I think my lesson was like successful AI implementation is like 70% change.
change management, 30% the tech. So like even with the best AI and tech in the world, like if people
don't trust it, you're not going to get the adoption. Trust and change management have been
huge overarching themes, I feel like, of our past few interviews. It's so interesting. I'm not seeing
that as much, at least on my LinkedIn feed. I feel like it is more sexy, flashy AI conversations
or maybe some like fear mongering. But yeah, I love that conversation a lot. I think we're going to see
this world where like enablement is going to be such a big, big push and like true like digital
transformation enablement kind of like resources and instructional design and like that type of like
management around this is going to be really interesting. Hey, maybe we'll bring you back for a part
two, Molly. Yeah, I got to I got to figure that one out because I still suck at the enablement side
of things. All right. Last lightning round question, we ask this to every guest that comes on
the show. What's one experience you've had a recent?
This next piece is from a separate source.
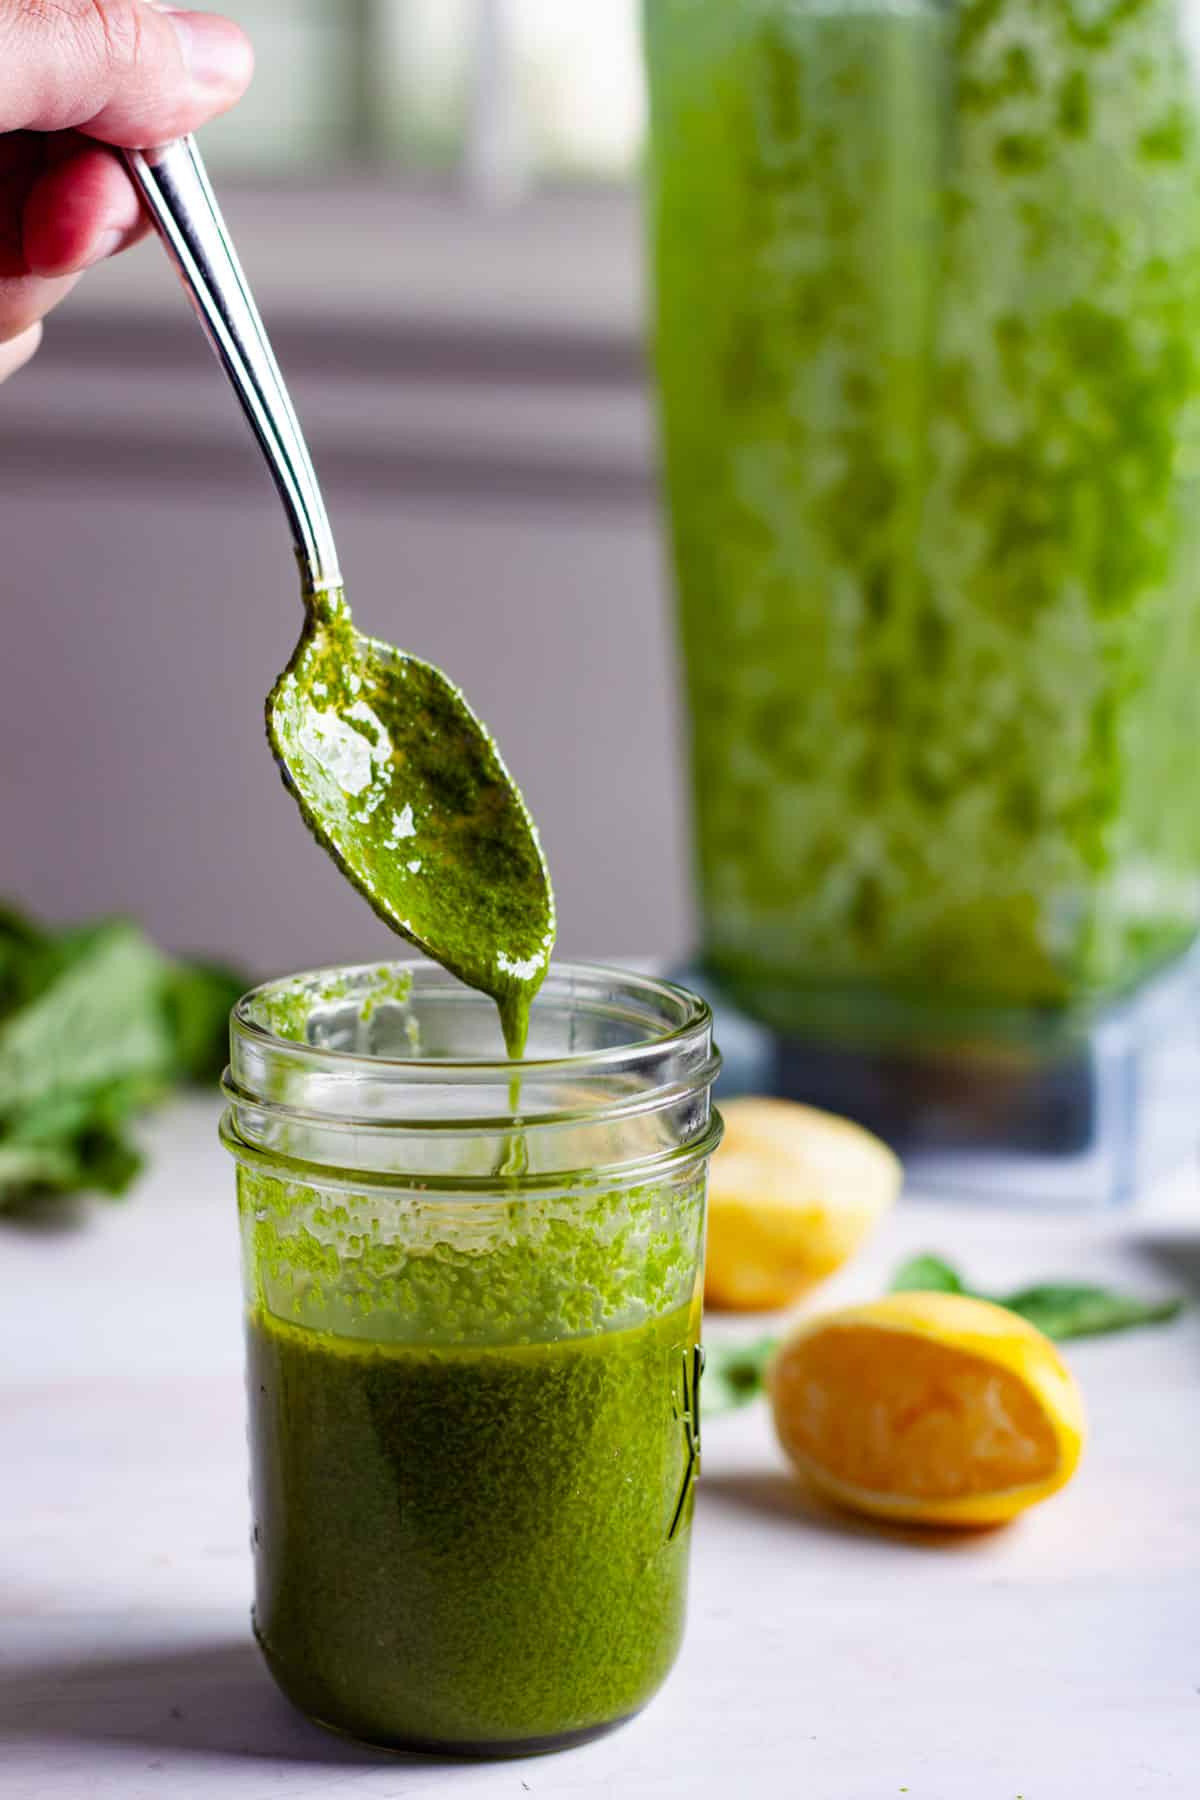 Basil vinaigrette in a glass jar with a spoon dripping some of it into the jar.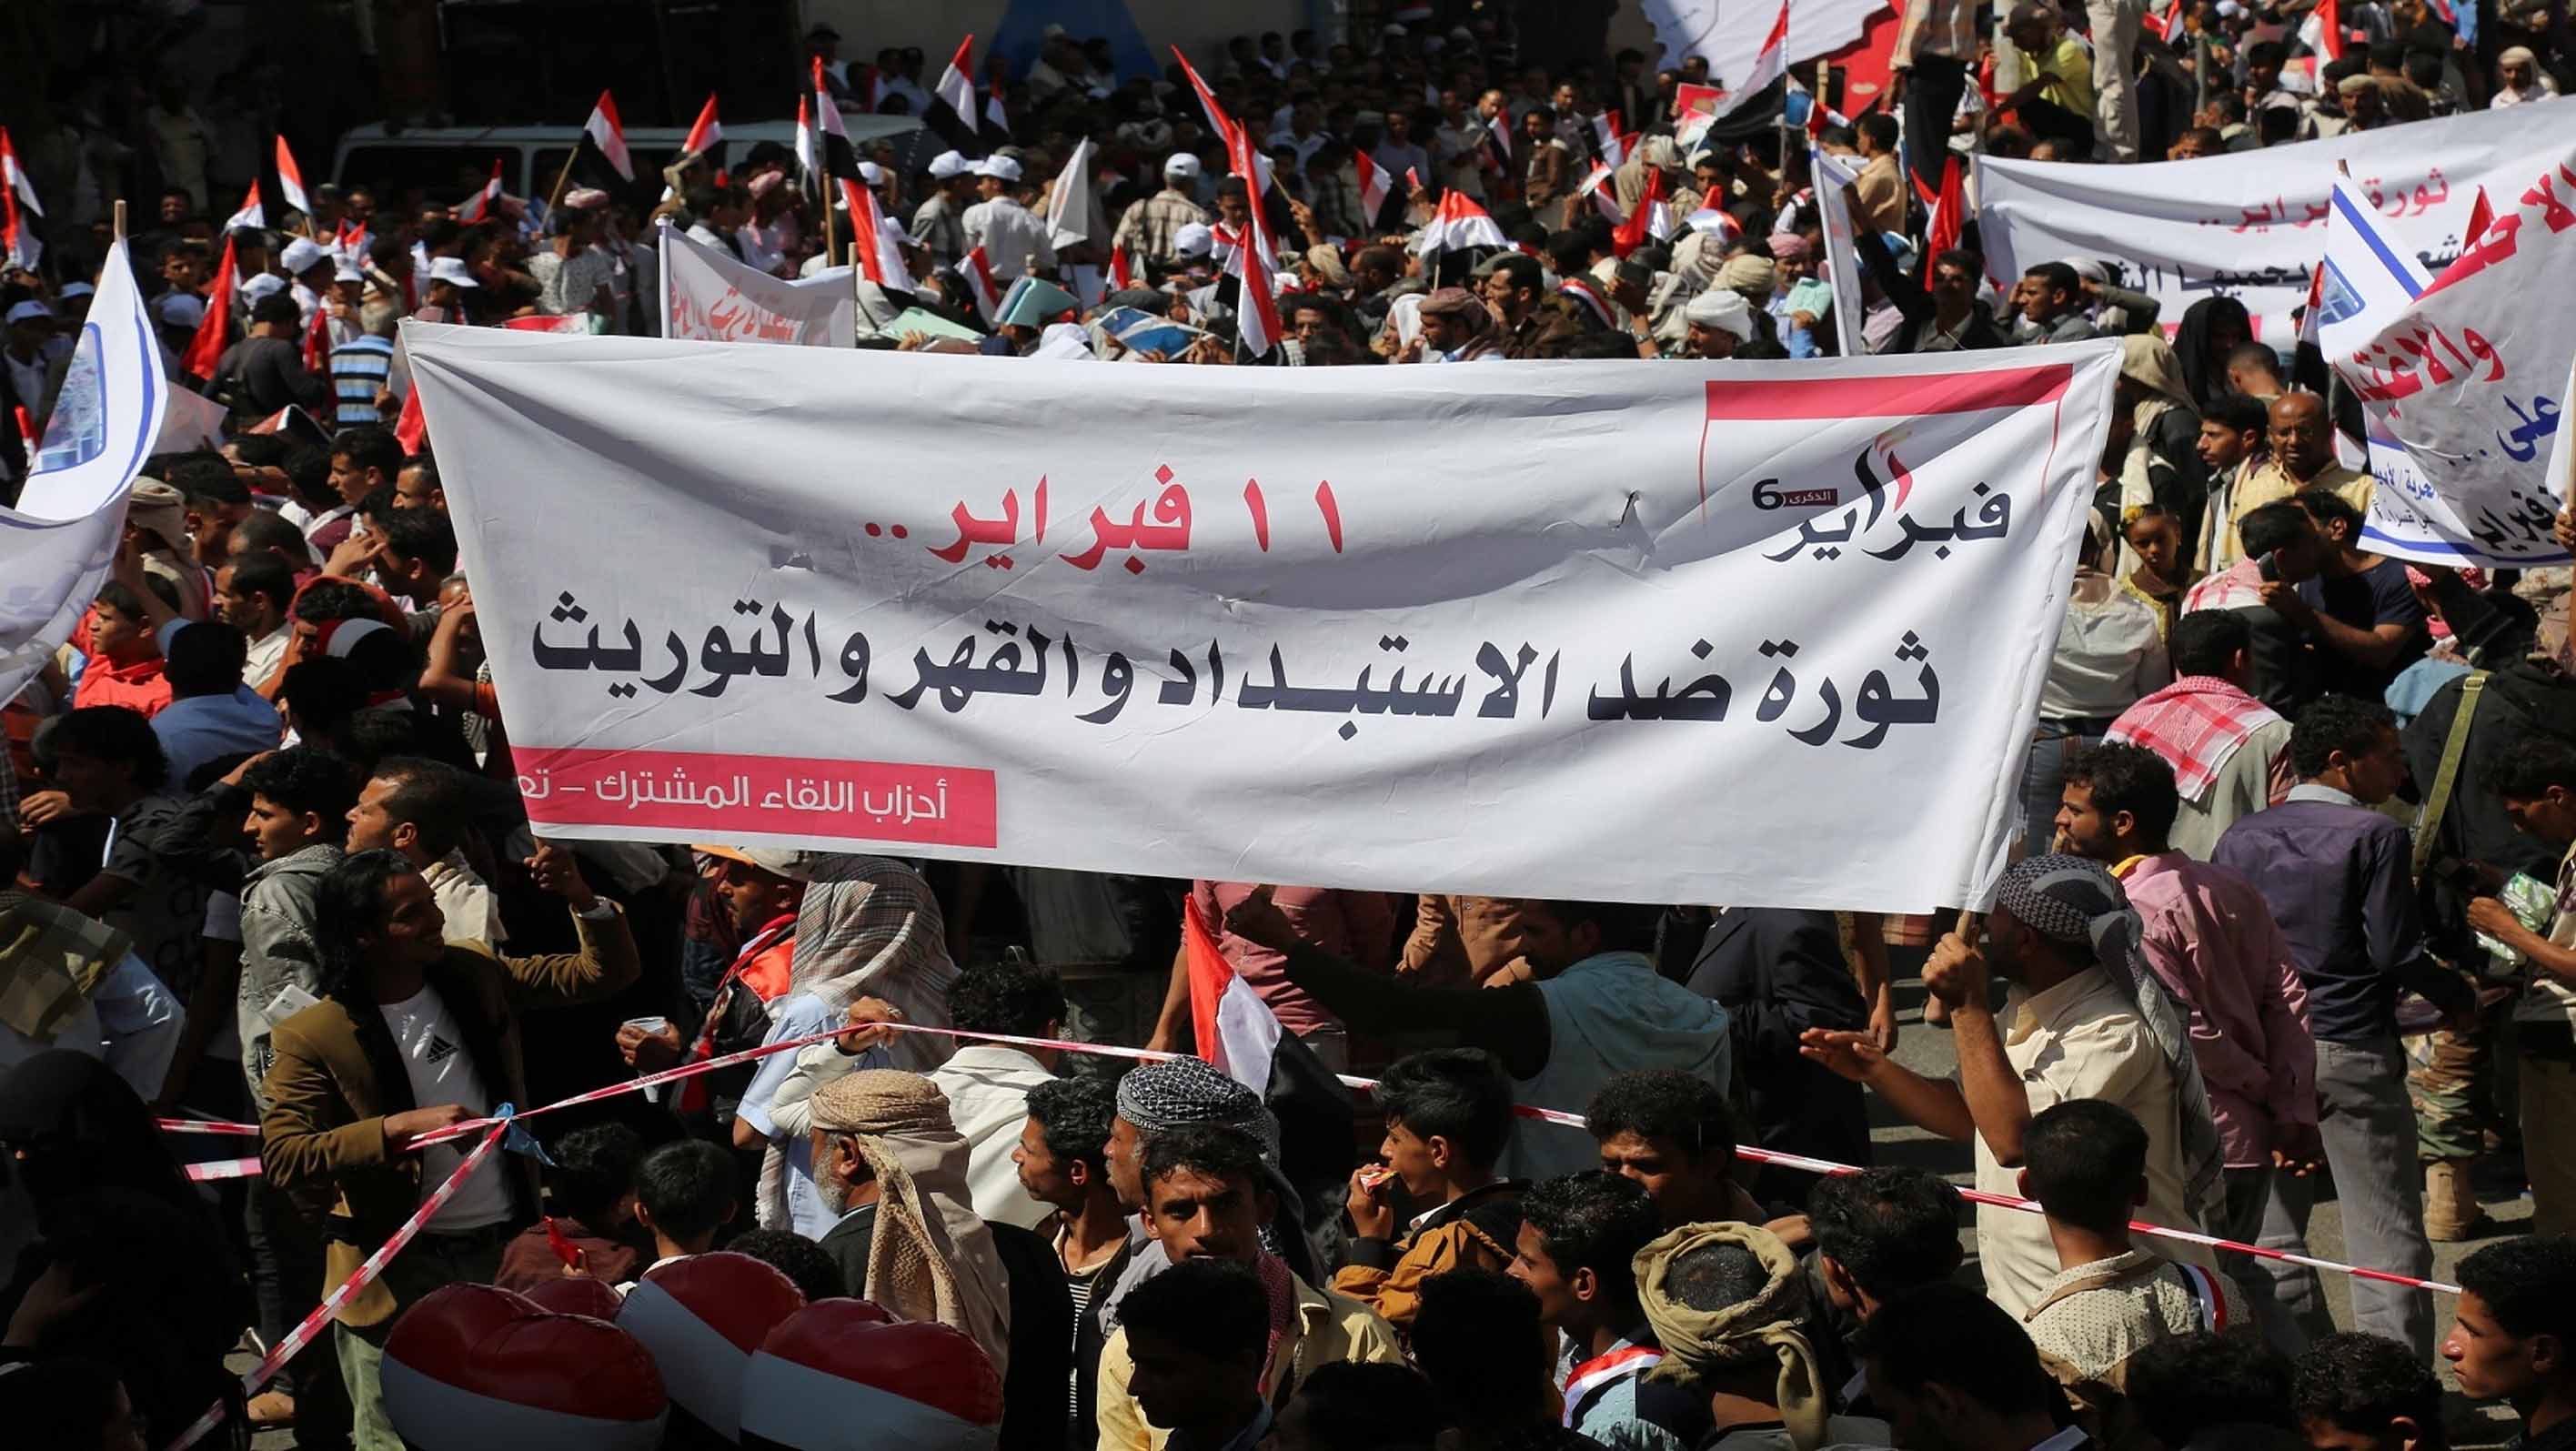 Counter-revolution brings war, hunger and death to Yemen, Mrs. Karman says

as a customer that left you impressed.
Yeah, absolutely.
So now I'm, like, obsessed with chatbots, right?
And, like, it's my favorite thing now that we built Eva to mess with.
And so recently bought shoes from an online retailer.
And, like, when I contacted support, like, they knew my recent purchase history, right?
Like, I had already kind of been logged in.
So it's like, oh, yeah, this is the, this is what you bought.
Like, what do you want to do with it, right?
Is it like, okay, I need to process a return, right?
So it gave me those prompts because it already knew.
And, like, I didn't even have to explain.
the problem, right? I didn't have to go in and be like, hey, I bought these shoes. And it's like,
what's your name? What's this? Blah, blah, blah, right? It was like, hey, Molly, we know you're here.
We know you just made this purchase. Like, is there an issue with this purchase? Do you need to do a
return? Like, let's just walk through that. They just knew, right? And I think from like an experience
standpoint and a customer expectation, it's like, I expect you to know, right? It's like,
how did you just make that so easy on me? What company is this? It was American Eagle, actually.
So, which was like super impressive. Shout out American Eagle. Wow. So so cool.
Yeah. Okay. Well, that concludes the lightning round. Thank you, Molly. Yeah. All right, Molly,
well, this has been so much fun. Where can listeners find you and where can they follow along with
Engines' journey as you guys continue to invest more in technology and grow as it sounds like you guys
are expanding? Yeah. Find me on LinkedIn. I'm pretty active there. And, you know,
InGen, we're continuing to share what we're doing on social media as well. And check out
engine.com, especially if you've got a business trip coming up. I'd love to help you travel.
I'm literally planning my dreamforce trip using engine.com. So I'm excited.
We got you, Lacey. Awesome. All right, Molly. Thanks so much. Take care.